Elephant Herd Sighted in Borno State

Elephant Herd Sighted in Borno State

Michael Olugbode with agency report

A herd of some 250 elephants has been spotted in Borno State, close to the borders with Cameroon and Chad.

It is the first reported sighting of elephants in the region since the Boko Haram jihadist insurgency began a decade ago, reports RFi France.

“The sighting of this herd means Nigeria’s elephant population has effectively doubled,” Tunde Marokinyo, co-founder of Africa Nature Investors, says excitedly on the telephone from London, in between visits to the Gashaka Gumti National Park in North-east Nigeria.

Hundreds of elephants used to migrate through the region up until a decade ago at around the time Boko Haram began fighting to establish an Islamic state. In 2014, Abubakar Shekau’s faction of Boko Haram set up camp in the Sambisa Forest that was formerly a game reserve the size of Belgium and The Netherlands.

Three major migration routes passed through the Sambisa Forest. These same routes that follow water sources are used by insurgents to escape military bombardment. The heavy exchange of artillery fire between the military and the insurgents drove most of the big game away from the reserve.

There has also been intense fighting and aerial bombardments on the shores of Lake Chad for much of the past decade.
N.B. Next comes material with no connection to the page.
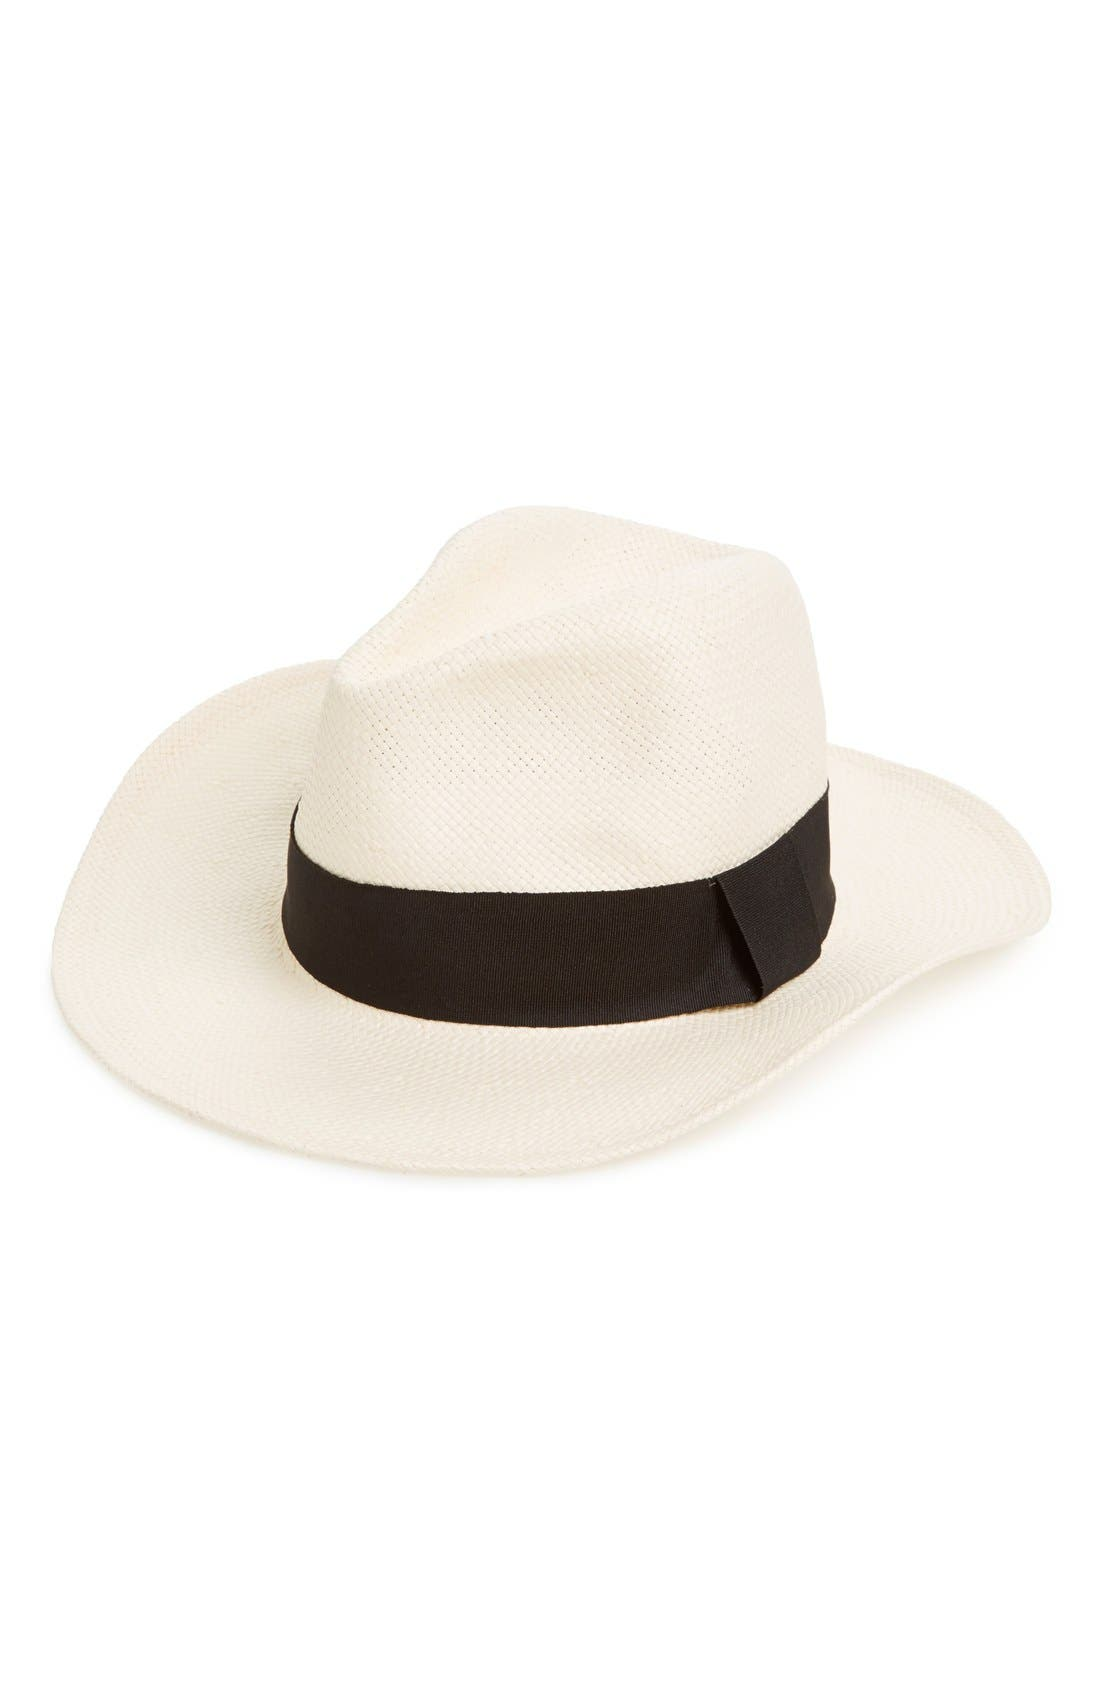 Main Image - Michael Stars 'Well Weathered' Straw Panama Hat

Elephants had formerly been frequent visitors to the lake.

Up until now, it had been unclear what happened to the elephants that once roamed the Sambisa Forest and savannahs in Borno and Yobe states.

“It shows that peace is slowly re-emerging,” Kabiru Wanori, Borno State’s Environment Commissioner, tells RFI.

But the war is by no means over with Boko Haram regularly carrying out raids on villages and kidnapping aid workers.

The new herd of elephants was spotted a few kilometres from Rann during a humanitarian mission carried out by helicopter.

Rann has become a place synonymous with the horrors of the insurgency. In July 2017, the air force accidently bombed a camp for internally displaced people.

Eight months later, two aid workers, Hauwa Mohammed Liman and Saifura Khorsa were kidnapped during a Boko Haram raid on the town. They were both killed by Boko Haram.

“We have dispatched our director of forests Peter Ayuba, to confirm the sighting and to carry out an impact assessment,” Wanori confirmed.

It is a risky mission for a Christian to undertake in an area where Islamic insurgents roam, especially on Christmas Day, but it indicates that the Borno State Government is committed to protecting the elephants.

On Tuesday, authorities in Vietnam seized over two tonnes of ivory and pangolin scales hidden inside wooden boxes shipped from Nigeria.

The UN estimates that over one million people are malnourished in North-east Nigeria due to insecurity. Elephant meat was traditionally part of people’s diets so the race is on to save the recently sighted herd from a hungry population.

Beef is now more sought after than elephant meat by those who can afford it. But cattle rearing has a detrimental effect on elephant habitats that has contributed to elephants moving across the border to Cameroon, which is far less populated than Nigeria.

“Gashaka Gumti National Park used to have elephants and lions but because of the grazing pressures they have fled across the border to Cameroon,” explains Marokinyo, whose NGO Africa Nature Investors hopes to train Fulani cattle herders as rangers to protect the Gashaka Gumti from overgrazing in an attempt to attract elephants and lions back to the park.

Borno State Government yesterday said the sighting on about 300 elephants in the state was a sign that peace had returned.

The State’s Commissioner of Environment, Engr. Kabir Wanori said the sighting of elephants was not strange to the state.

He noted that it was the Boko Haram crisis that made the elephants to stop the annual migration through Borno from Cameroon to somewhere in Bauchi.

He said sighting them now indicates that something which has kept them away was no longer there, and it is known that they were kept away by the Boko Haram who inhabited the Sambisa Forest.

He said on hearing the story of the sighting of the elephant in Rann, in Kala-Balge local government of the state, he set up a committee to investigate.

He added that they reported back to him that about 300 elephants were seen and they all migrated from Cameroon.

He said: “As I am speaking to you, they are all in a town not too far away from Rann near a body of water.

“As a government, we are still considering what to do with them. I have asked the professionals in the Wildlife Department of the Ministry to come out with a position of what should be done.

“I am still waiting for the report and this will inform government decision about them. But as at 5 p.m. today (Friday) they were still sighted some kilometres away from Rann.”

He added that the sighting of the herd of elephants brought joy to the people of Borno and “we are seeing it with the eye that peace has definitely returned back to the state.”